> _Task_: The pictures get left out, but everything else in the listing below must be duplicated exactly.

= Beginning of Section =

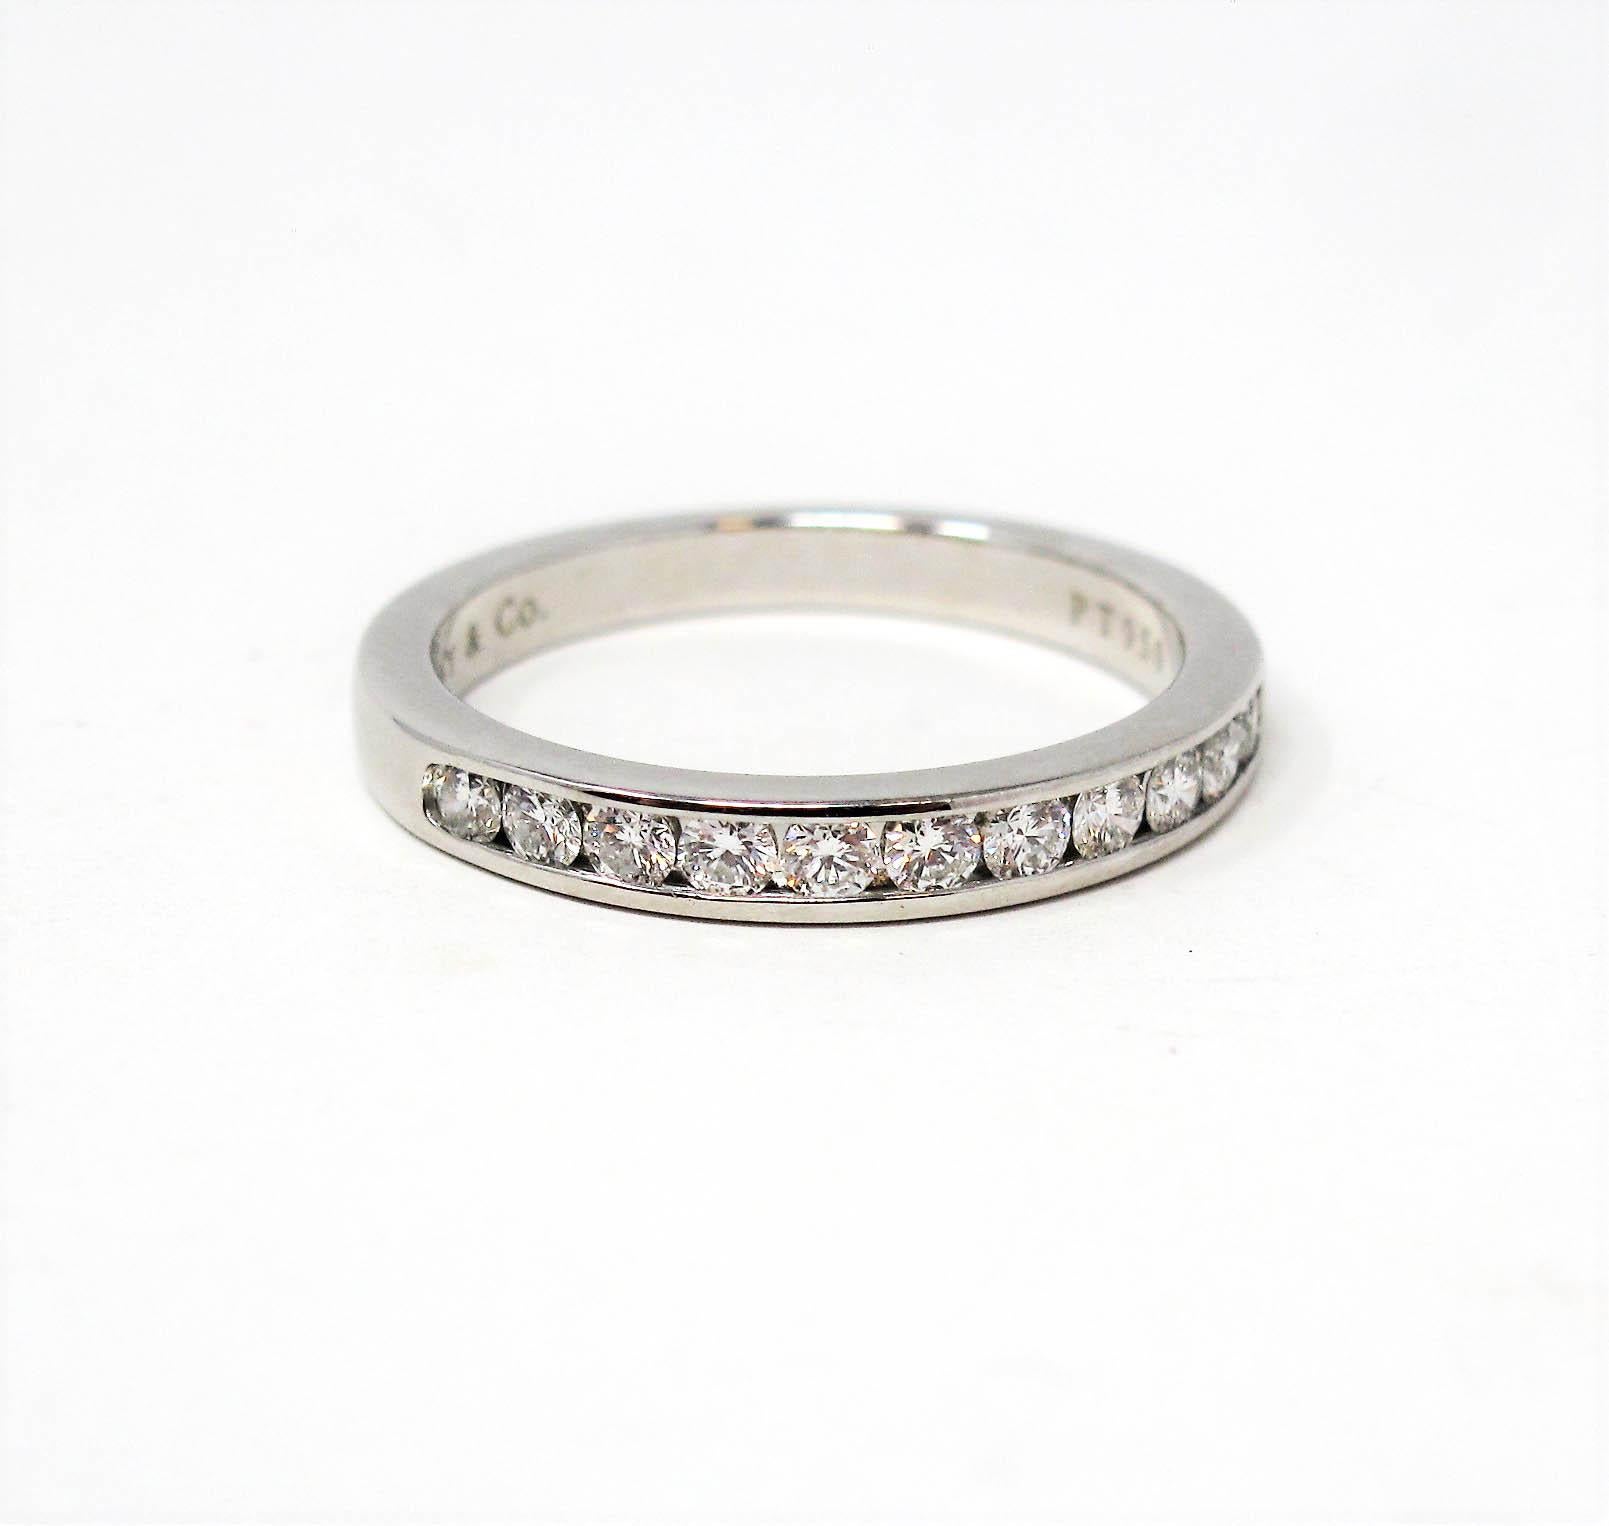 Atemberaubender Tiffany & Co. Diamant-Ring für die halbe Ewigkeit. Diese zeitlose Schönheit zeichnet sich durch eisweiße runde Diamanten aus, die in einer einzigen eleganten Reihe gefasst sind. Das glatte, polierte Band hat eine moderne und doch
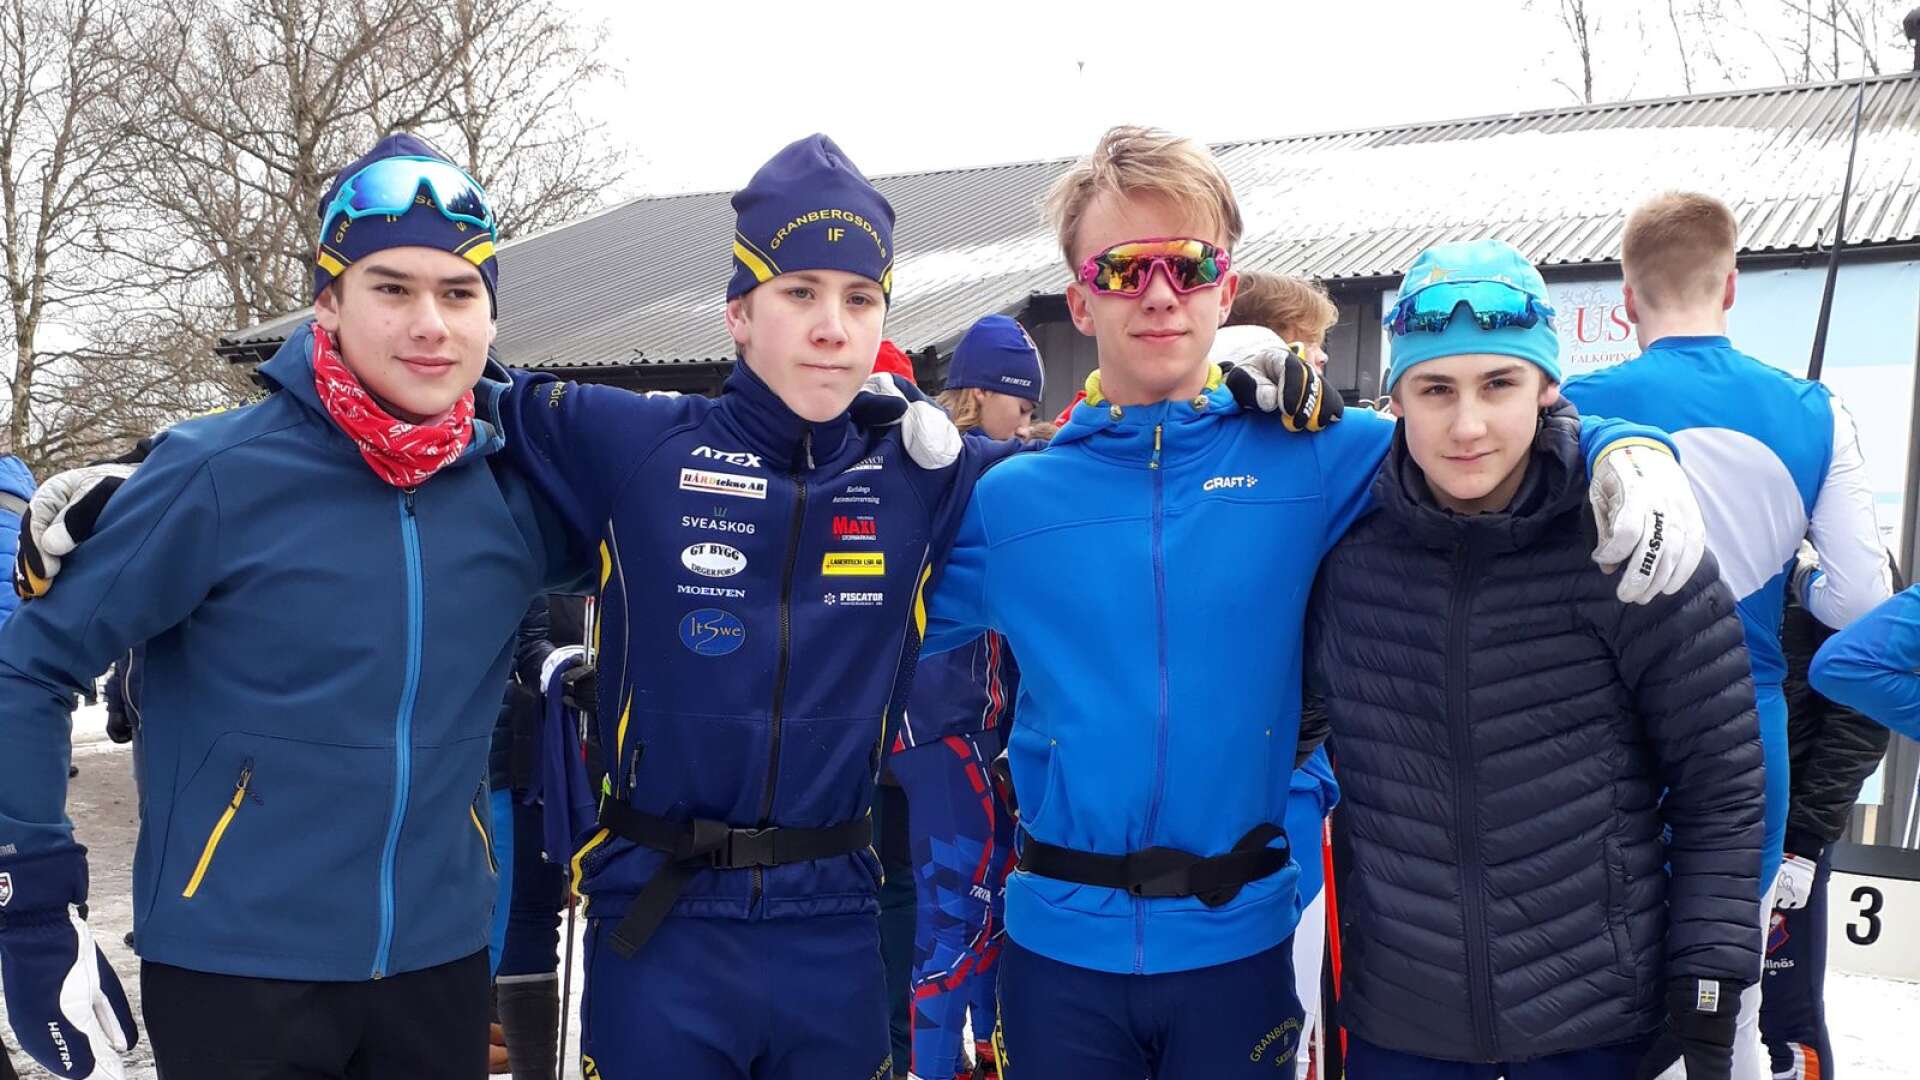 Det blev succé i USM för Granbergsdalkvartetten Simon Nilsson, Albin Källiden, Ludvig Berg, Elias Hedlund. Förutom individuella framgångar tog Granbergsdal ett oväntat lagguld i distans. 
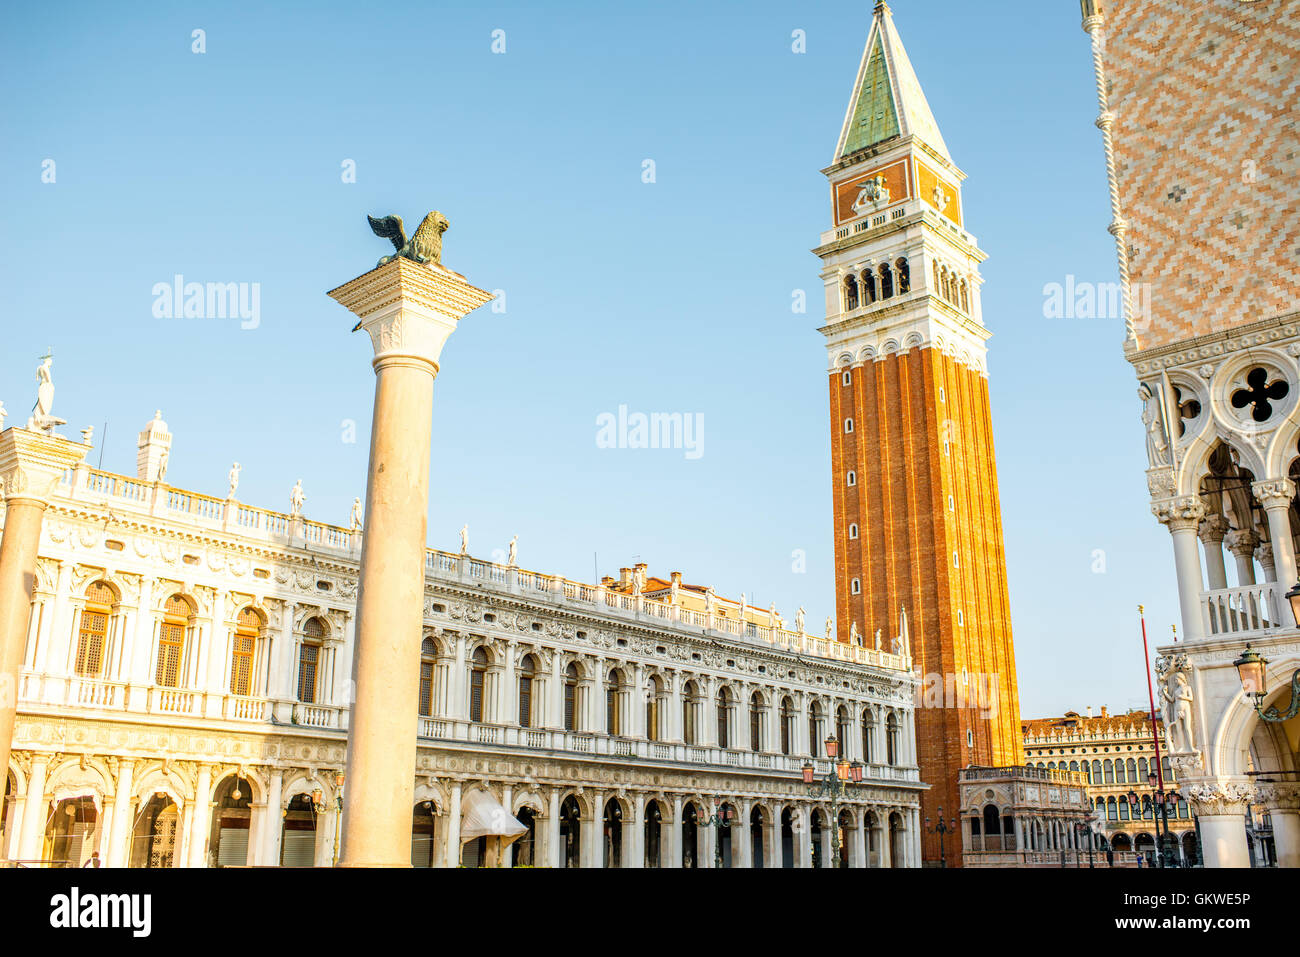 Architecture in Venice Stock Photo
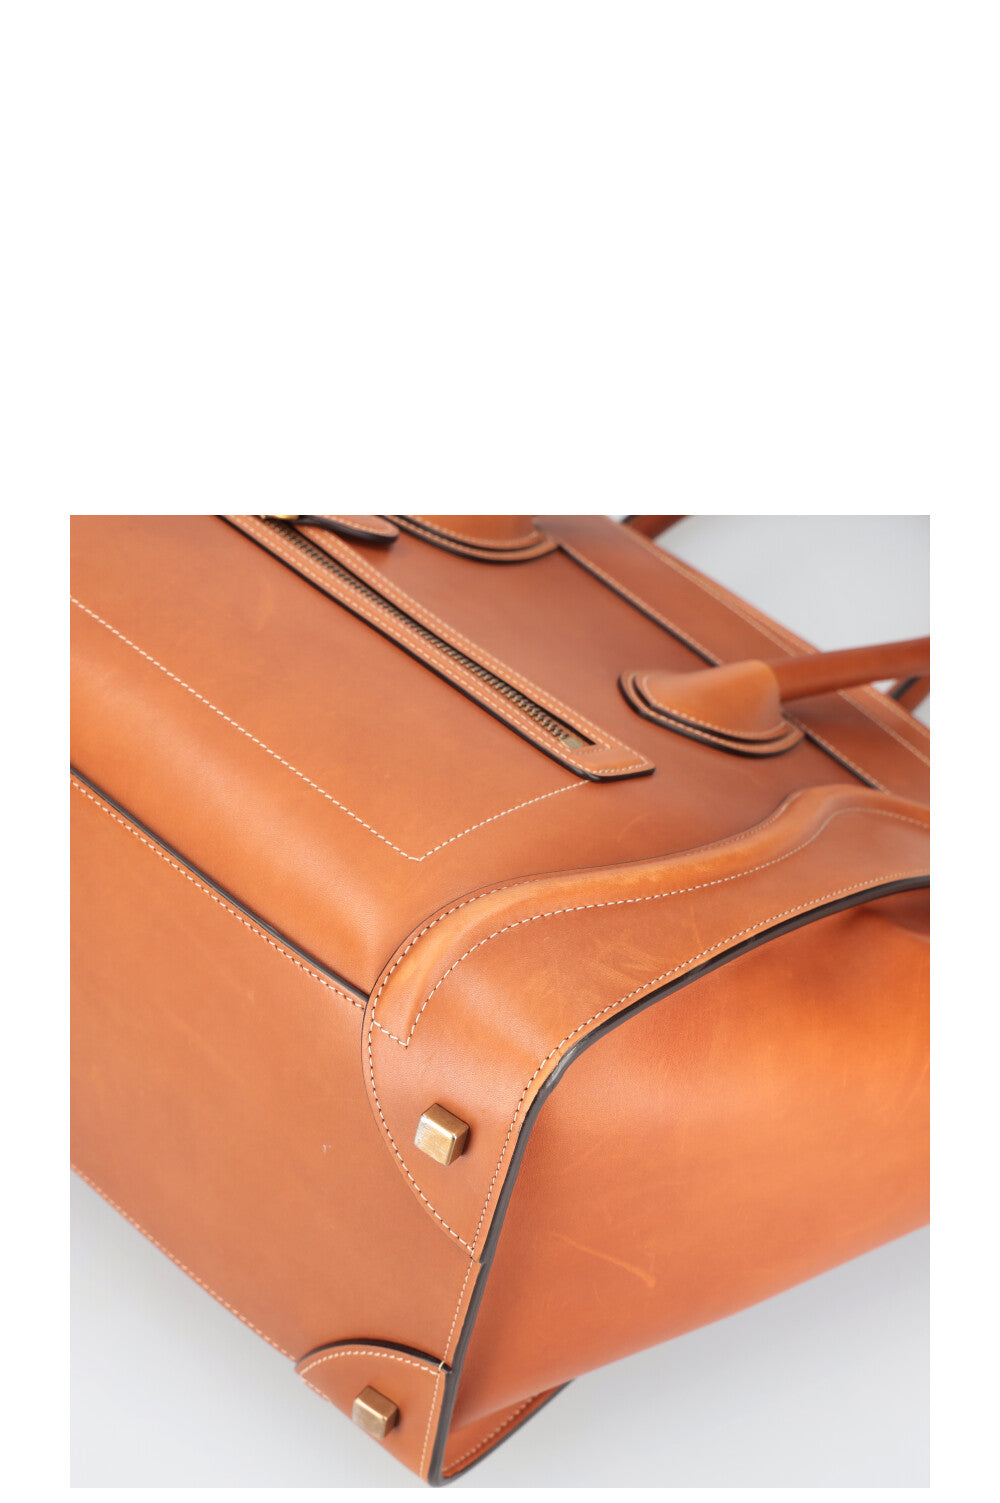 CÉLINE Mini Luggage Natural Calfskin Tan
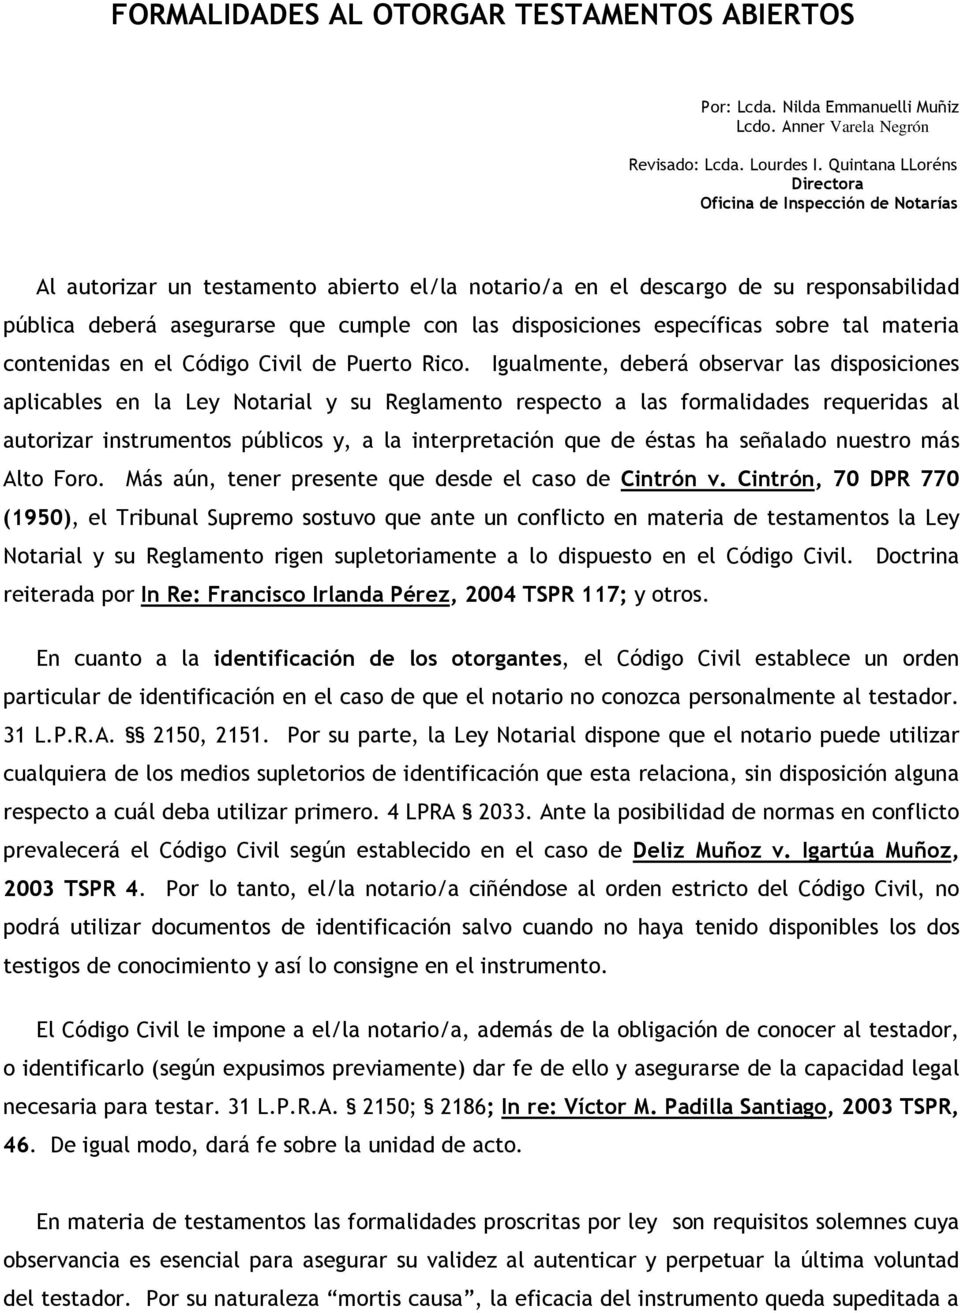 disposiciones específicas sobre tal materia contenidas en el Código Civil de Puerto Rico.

= End of Section =

> _Worked solution_:
 Atemberaubender Tiffany & Co. Diamant-Ring für die halbe Ewigkeit. Diese zeitlose Schönheit zeichnet sich durch eisweiße runde Diamanten aus, die in einer einzigen eleganten Reihe gefasst sind. Das glatte, polierte Band hat eine moderne und doch
 Det blev succé i USM för Granbergsdalkvartetten Simon Nilsson, Albin Källiden, Ludvig Berg, Elias Hedlund. Förutom individuella framgångar tog Granbergsdal ett oväntat lagguld i distans. 
 Architecture in Venice Stock Photo
 CÉLINE Mini Luggage Natural Calfskin Tan
 disposiciones específicas sobre tal materia contenidas en el Código Civil de Puerto Rico.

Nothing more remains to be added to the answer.